Comme en 1948, les forces militaires juives bombardèrent de nombreuses régions sans aucun intérêt stratégique militaire. Le seul objectif était de faire fuir la population palestinienne et de poursuivre l’épuration ethnique pour donner réalité au « rêve sioniste du Grand Israël ».

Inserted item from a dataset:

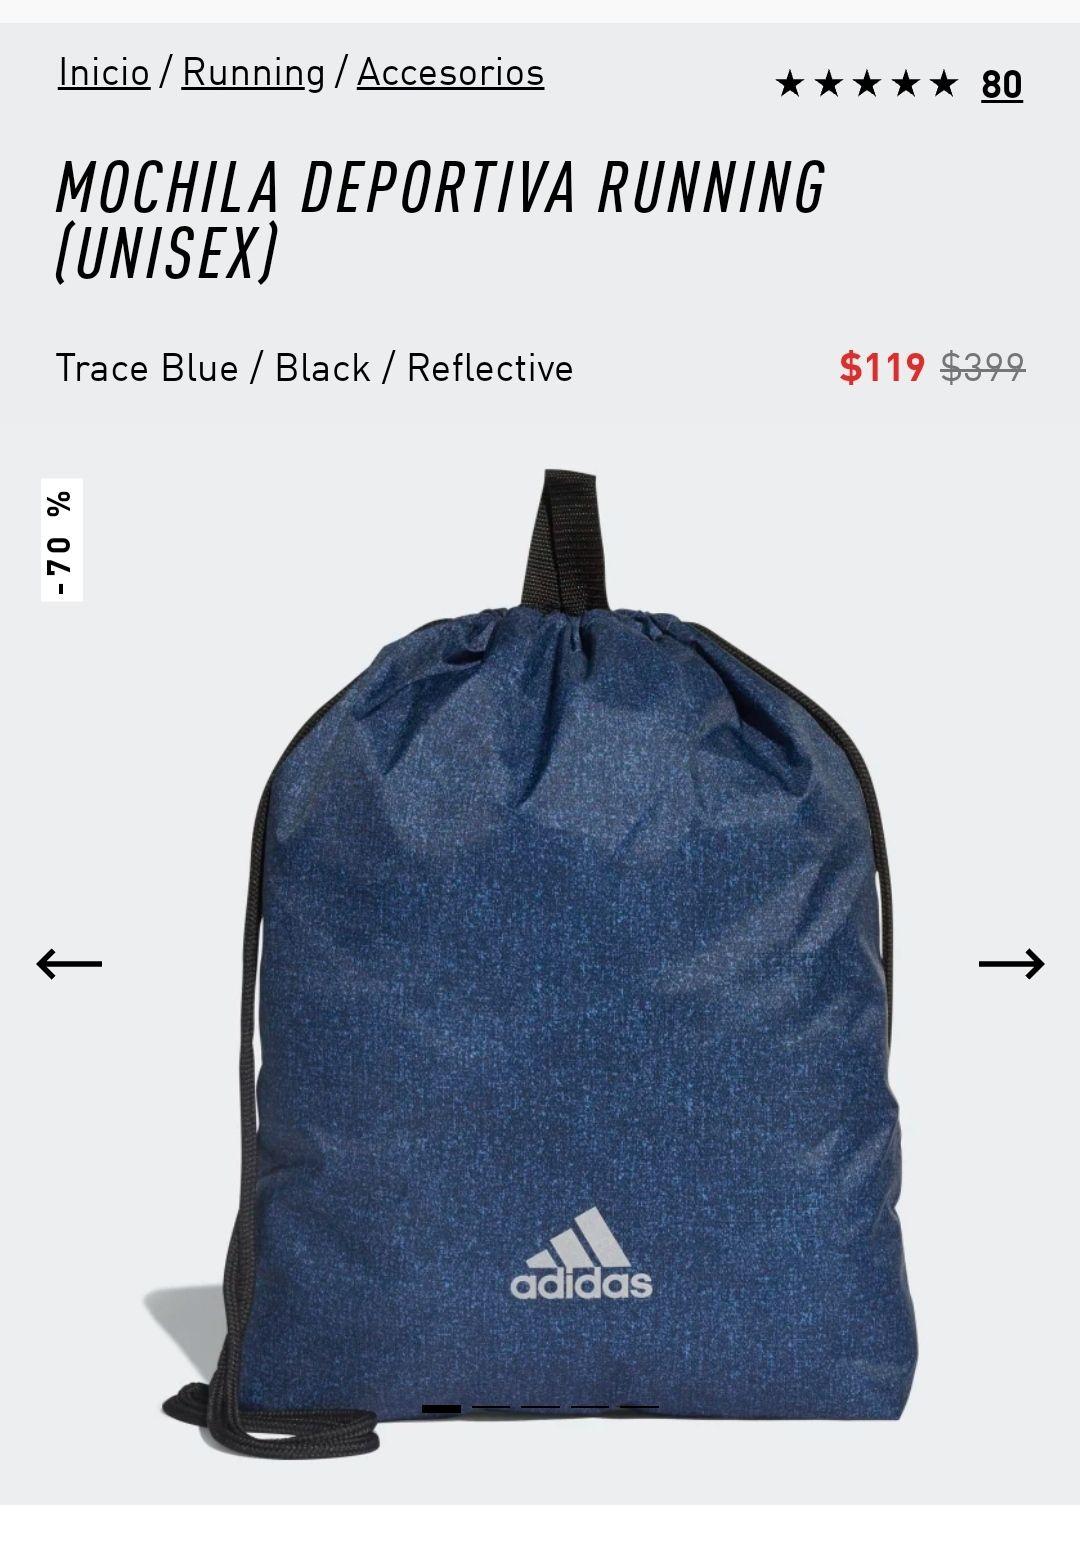 Adidas: Compilación de mochilas deportivas adidas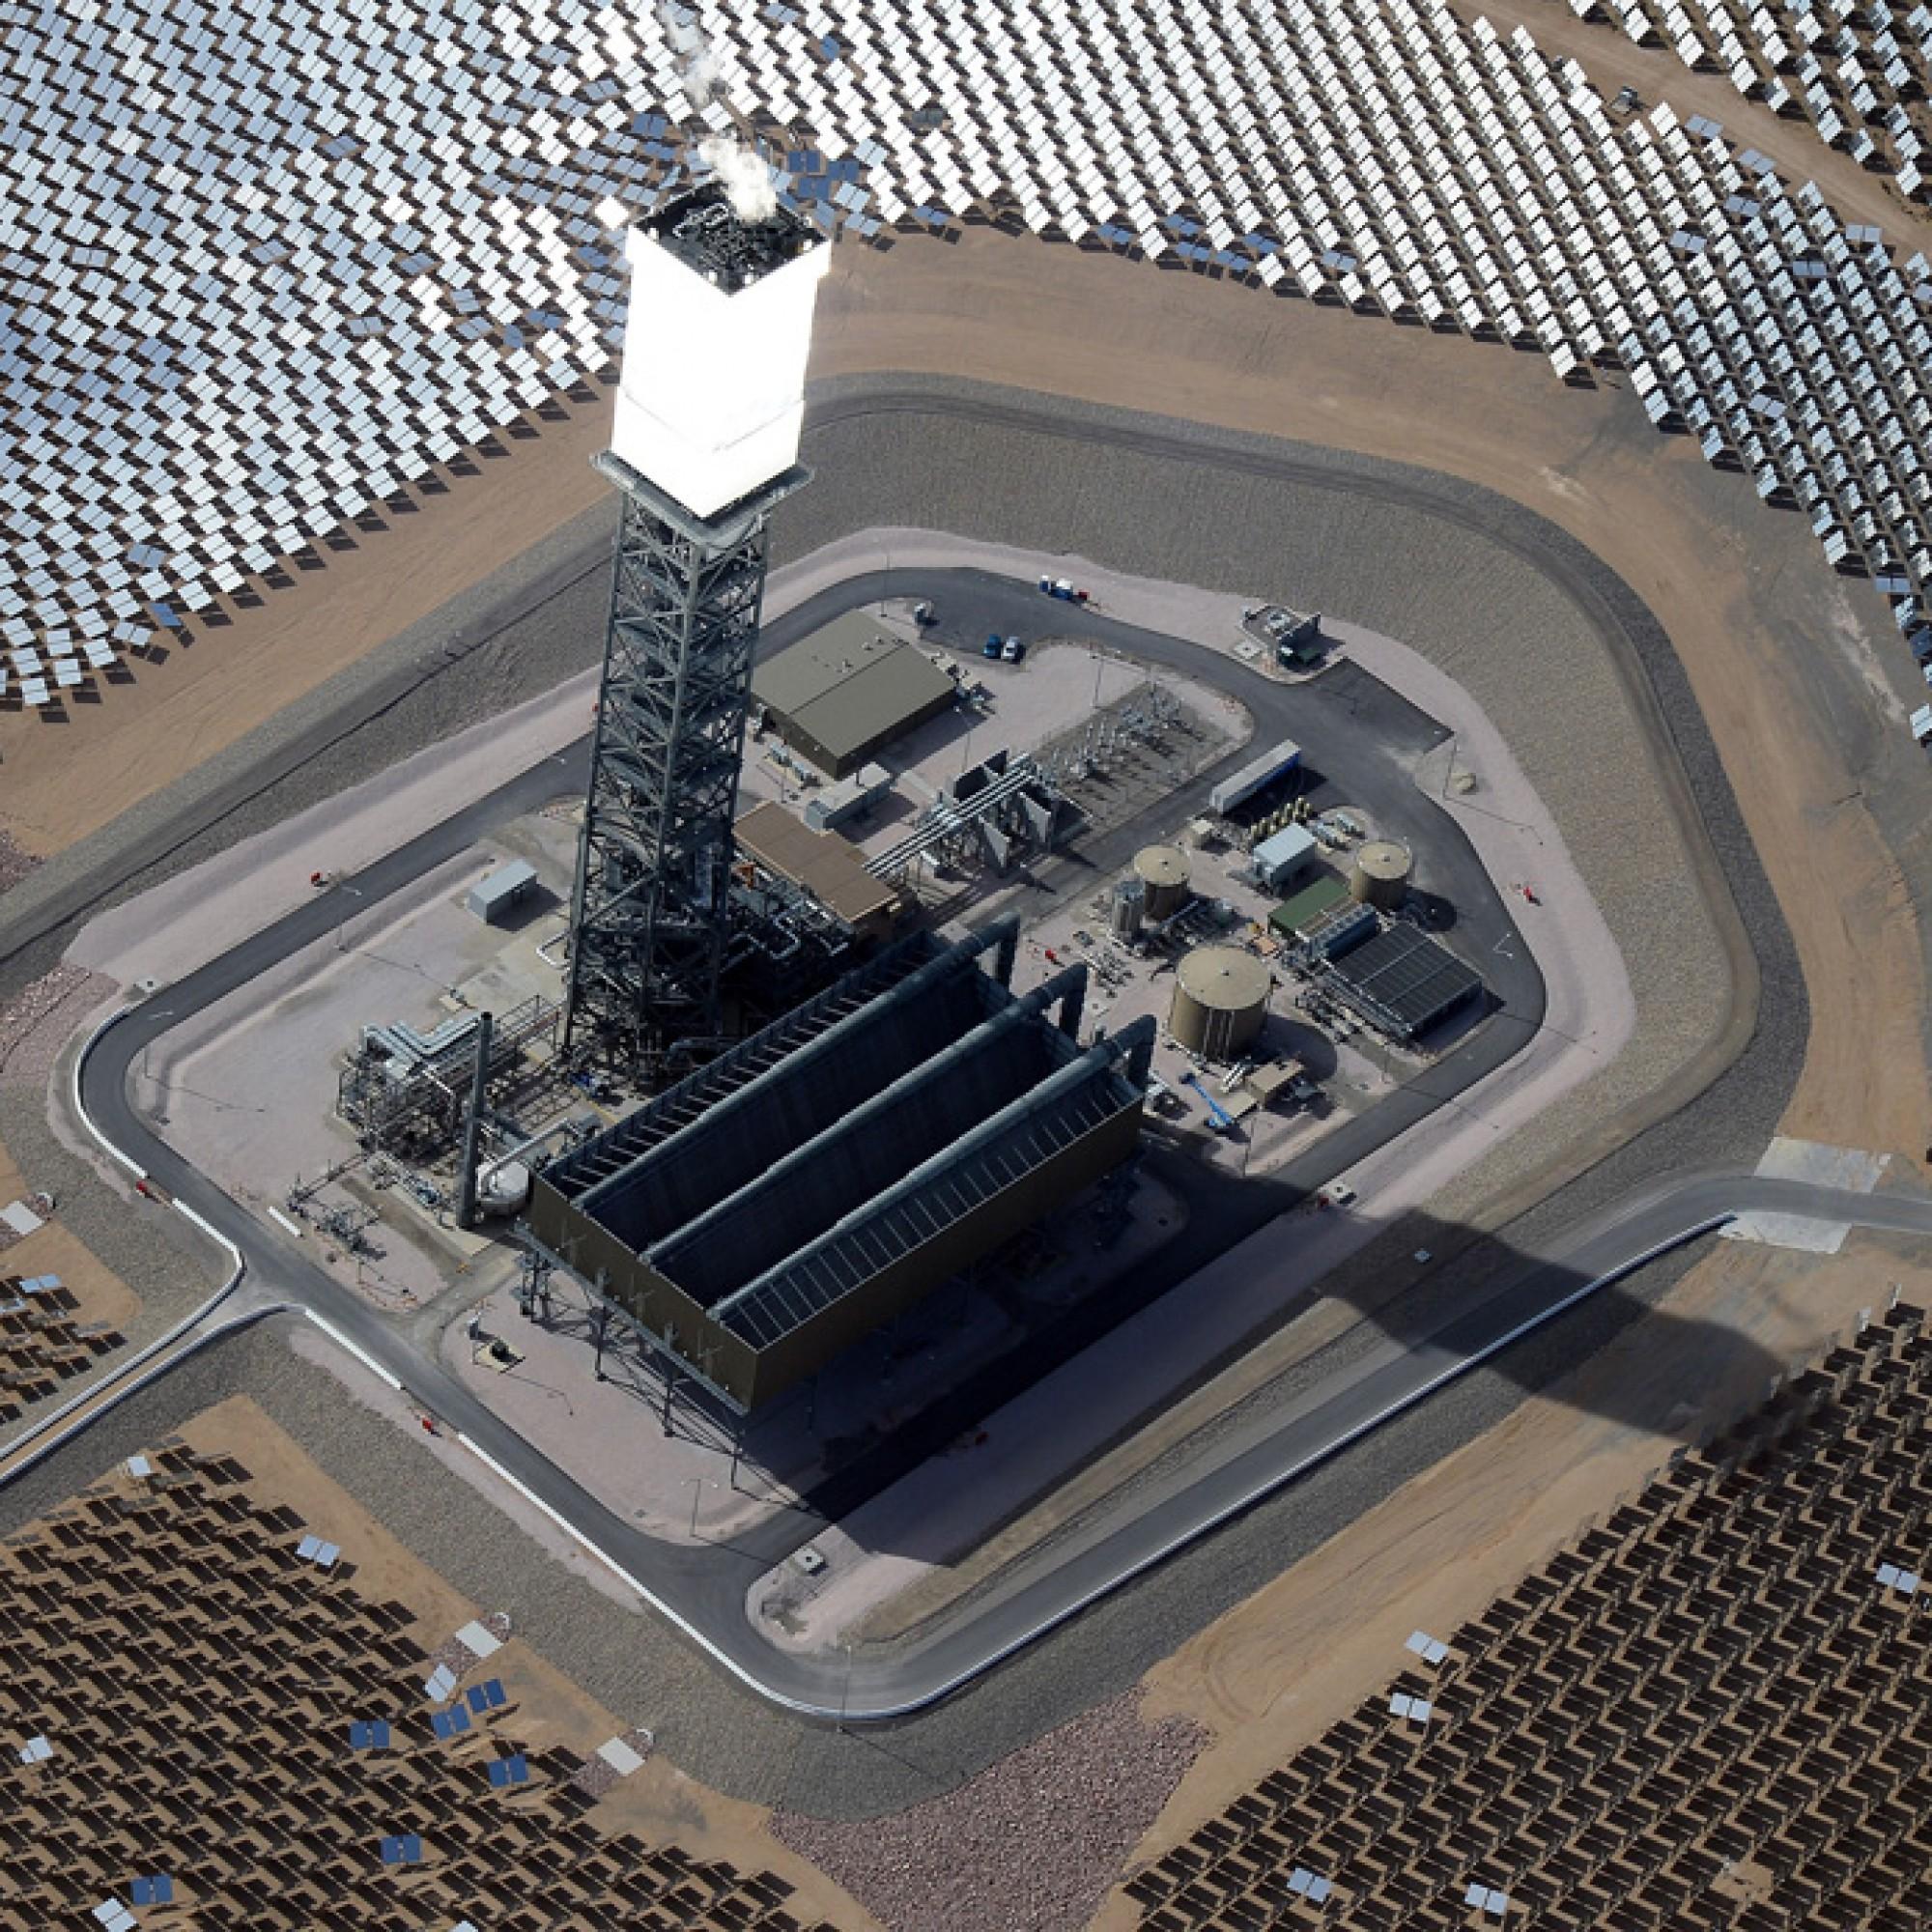 Bis zu 537 Grad Celsius erreicht der Wärmestrom, den die Spiegel erzeugen. (Bild: wikimedia, CC)

Selon des ordres du général Yitzhak Rabin, plusieurs villes et villages palestiniens furent entièrement détruits. La totalité du quartier marocain dans la vieille ville d’Al-Quds, jouxtant le Mur occidental du Haram esh Sharif, fut réduite à néant pour laisser place à l’Esplanade des Lamentations.
Dans un processus qui visait à terminer le travail d’épuration ethnique démarré 20 ans plus tôt, 400 à 450 000 Palestiniens furent expulsés par la force en juin 1967, la moitié d’entre eux étant déjà des réfugiés de 1948. Les camps de réfugiés de Ein as-Sultan, Aqbat Jabr, Nuweimeh et de al Ajajra près de Jéricho furent bombardés et le camp de Karameh sur la rive orientale du Jourdain totalement détruit en 1968.
Mais en 1967, contrairement à ce qui s’est passé au moment de la Nakba, la majorité de Palestiniens des nouveaux territoires occupés resta en place. Malgré tous les plans mis en œuvre pour finir le nettoyage ethnique, le cauchemar commençait alors pour l’entité sioniste car son projet colonial et raciste en Palestine n’irait pas plus loin. Depuis, le processus s’est même inversé puisque l’entreprise sioniste n’a cessé de reculer sous les coups de la résistance en 2000 au Liban, puis en 2005 à Gaza.
Pour pallier l’affaiblissement de son avant-poste au Moyen Orient, l’impérialisme occidental redouble d’efforts pour maintenir son hégémonie dans la région et mater toutes les résistances, qu’elles viennent des peuples ou des Etats. Dans ce contexte, la Syrie tient bon. Depuis plus d’un an, et malgré toutes les tentatives de déstabilisation orchestrées de l’étranger et la propagande, les puissances occidentales ont pour l’instant totalement échoué à détruire l’un des piliers de l’axe de la résistance ( Iran, Liban, Gaza, Syrie). Pourvu que tout ce qui fasse obstacle aux plans impérialistes et sionistes s’inscrive dans la durée car l’impérialisme ne recule devant aucune atrocité pour arriver à ses fins.
En ce 45ème anniversaire de la Naqsa, force est de constater que la détermination des peuples est toujours victorieuse face à l’injustice que représentent le colonialisme et l’impérialisme. Plus de 60 ans après la Nakba, force est de constater que la Palestine est toujours au centre des revendications des mouvements révolutionnaires dans les pays arabes et des choix stratégiques des Etats de la région. Ce constat est celui de l’échec du projet sioniste et annonce sa fin prochaine. Vive la résistance du peuple palestinien et des peuples arabes.